### Task objective
Begin at the line where "Sampul majalah Gaya" appears and reproduce exactly every line through the end of the data below, both included, skipping pictures.

### Data below
+ + + + +

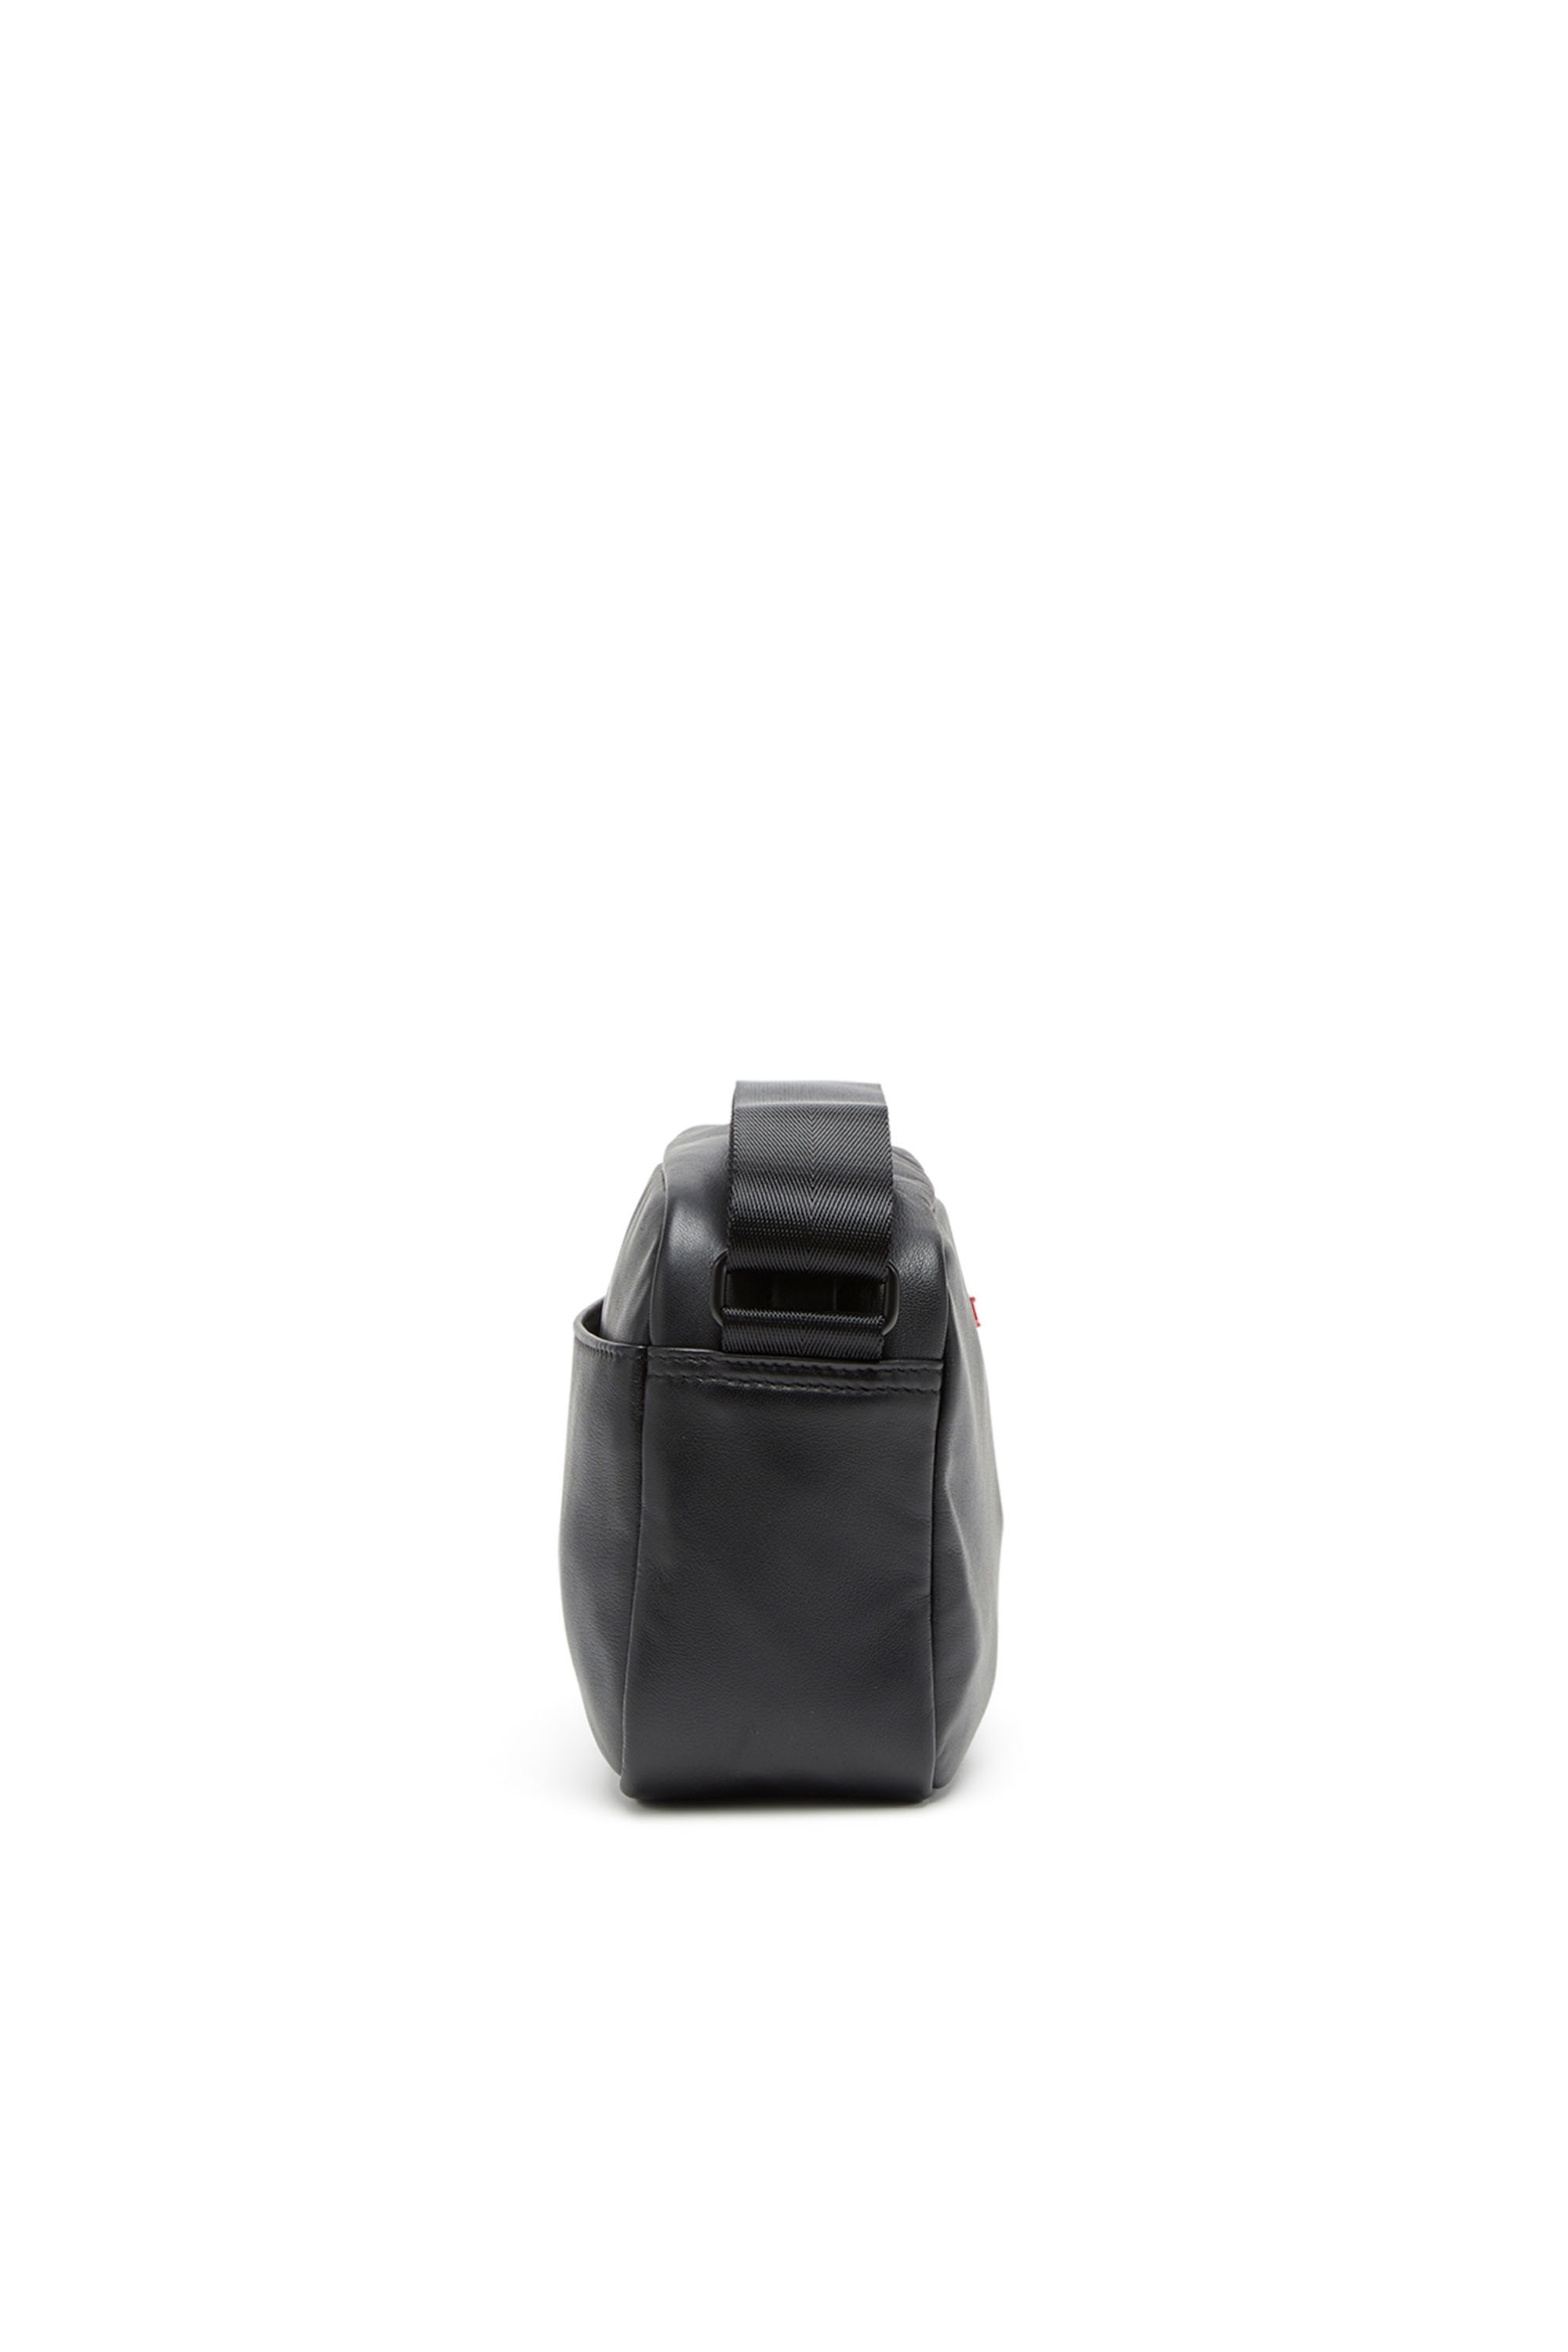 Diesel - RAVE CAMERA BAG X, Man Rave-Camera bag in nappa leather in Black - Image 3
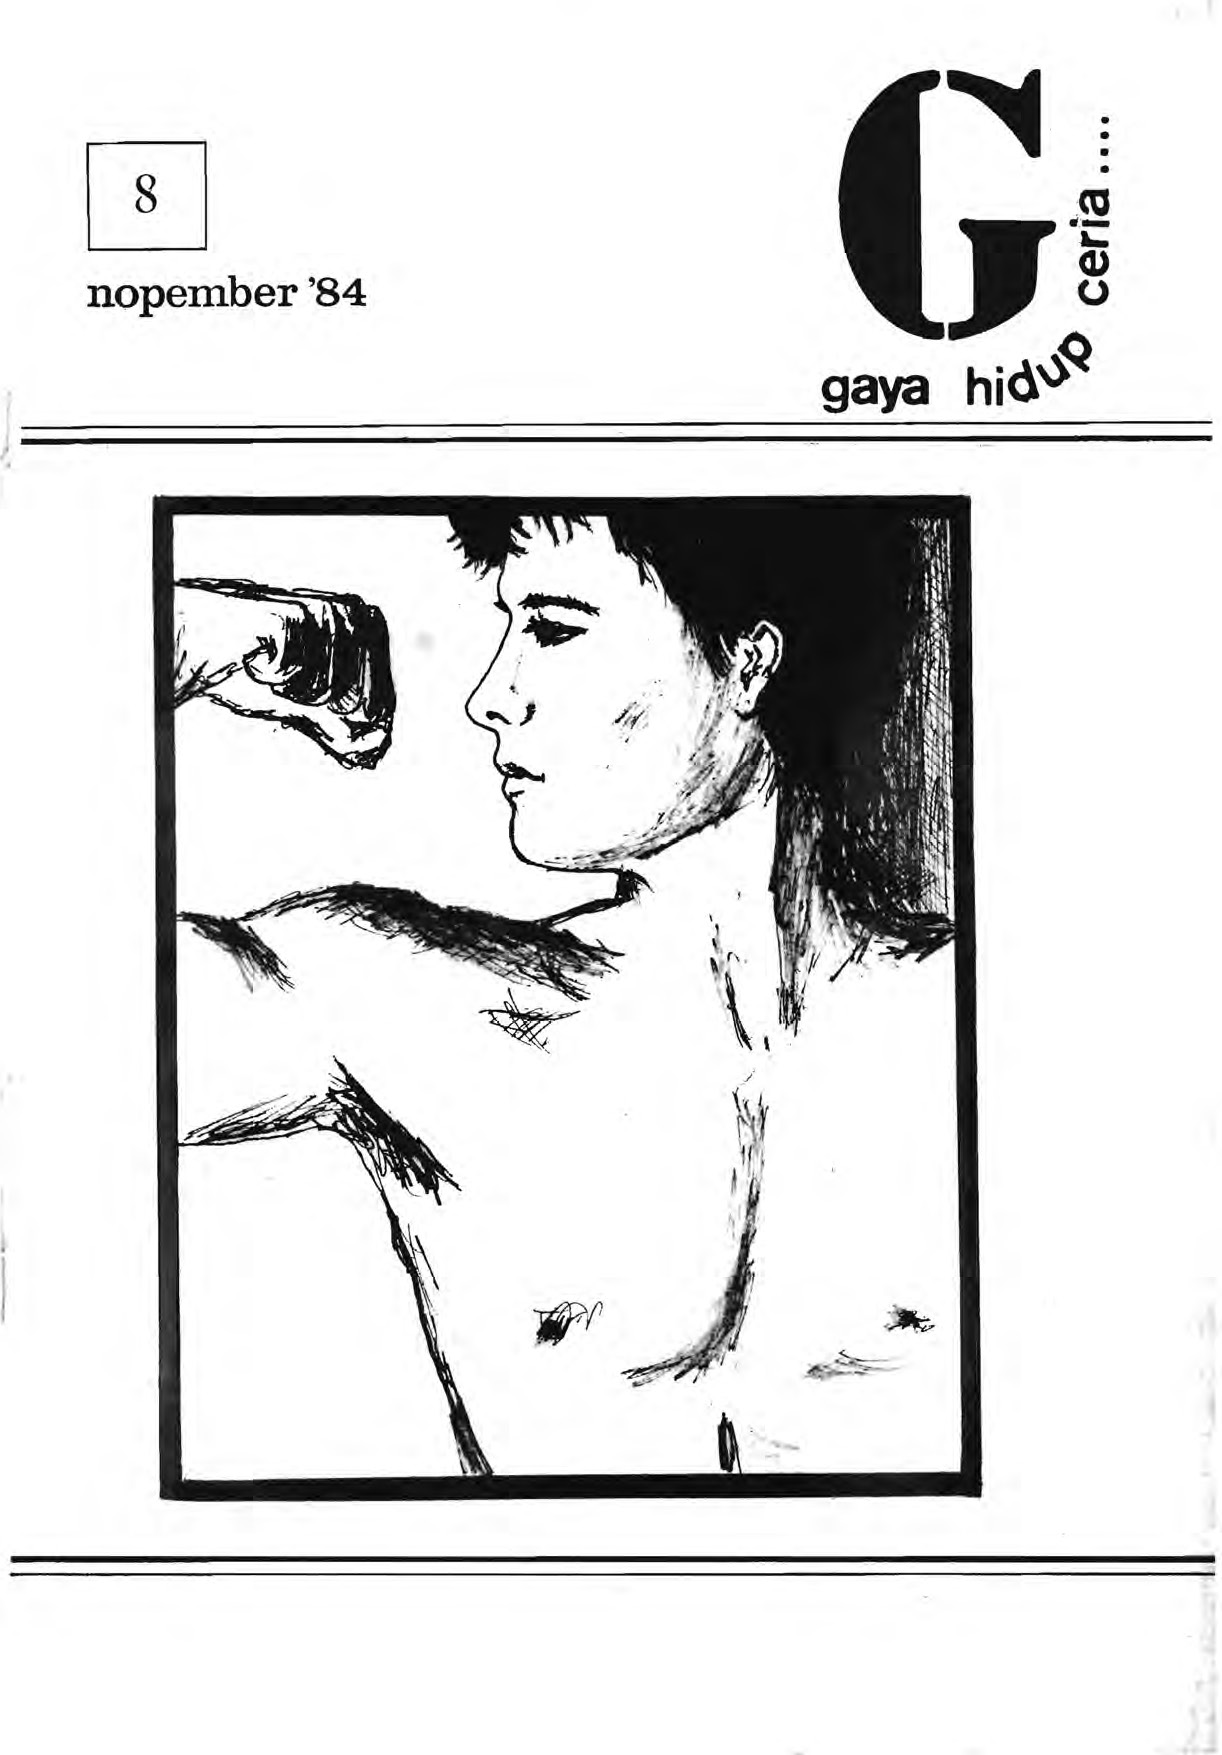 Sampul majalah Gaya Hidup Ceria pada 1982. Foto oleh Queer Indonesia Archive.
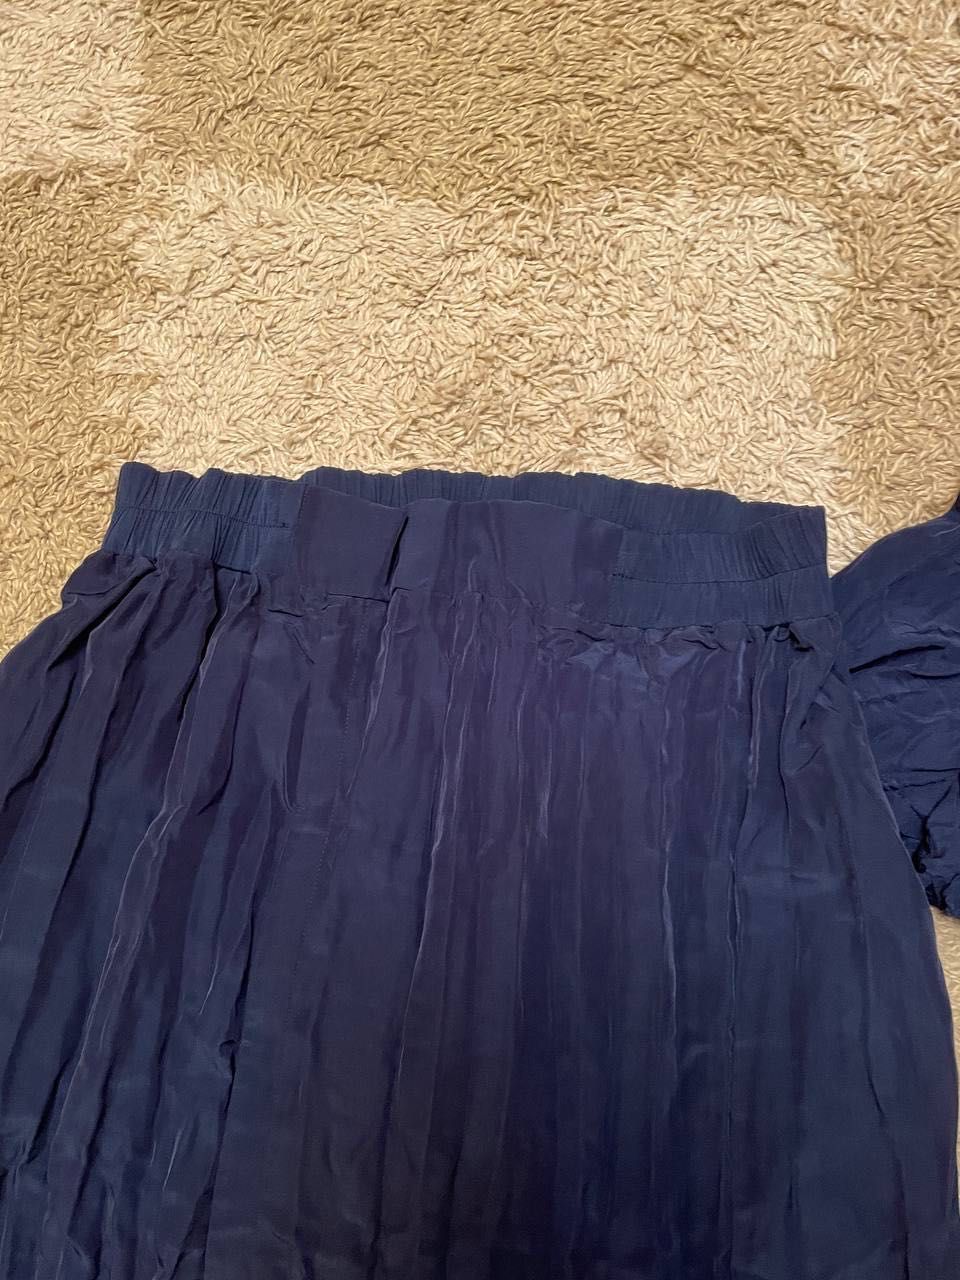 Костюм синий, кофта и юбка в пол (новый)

+ + + + +

### Response
 Sampul majalah Gaya Hidup Ceria pada 1982. Foto oleh Queer Indonesia Archive.
 Костюм синий, кофта и юбка в пол (новый)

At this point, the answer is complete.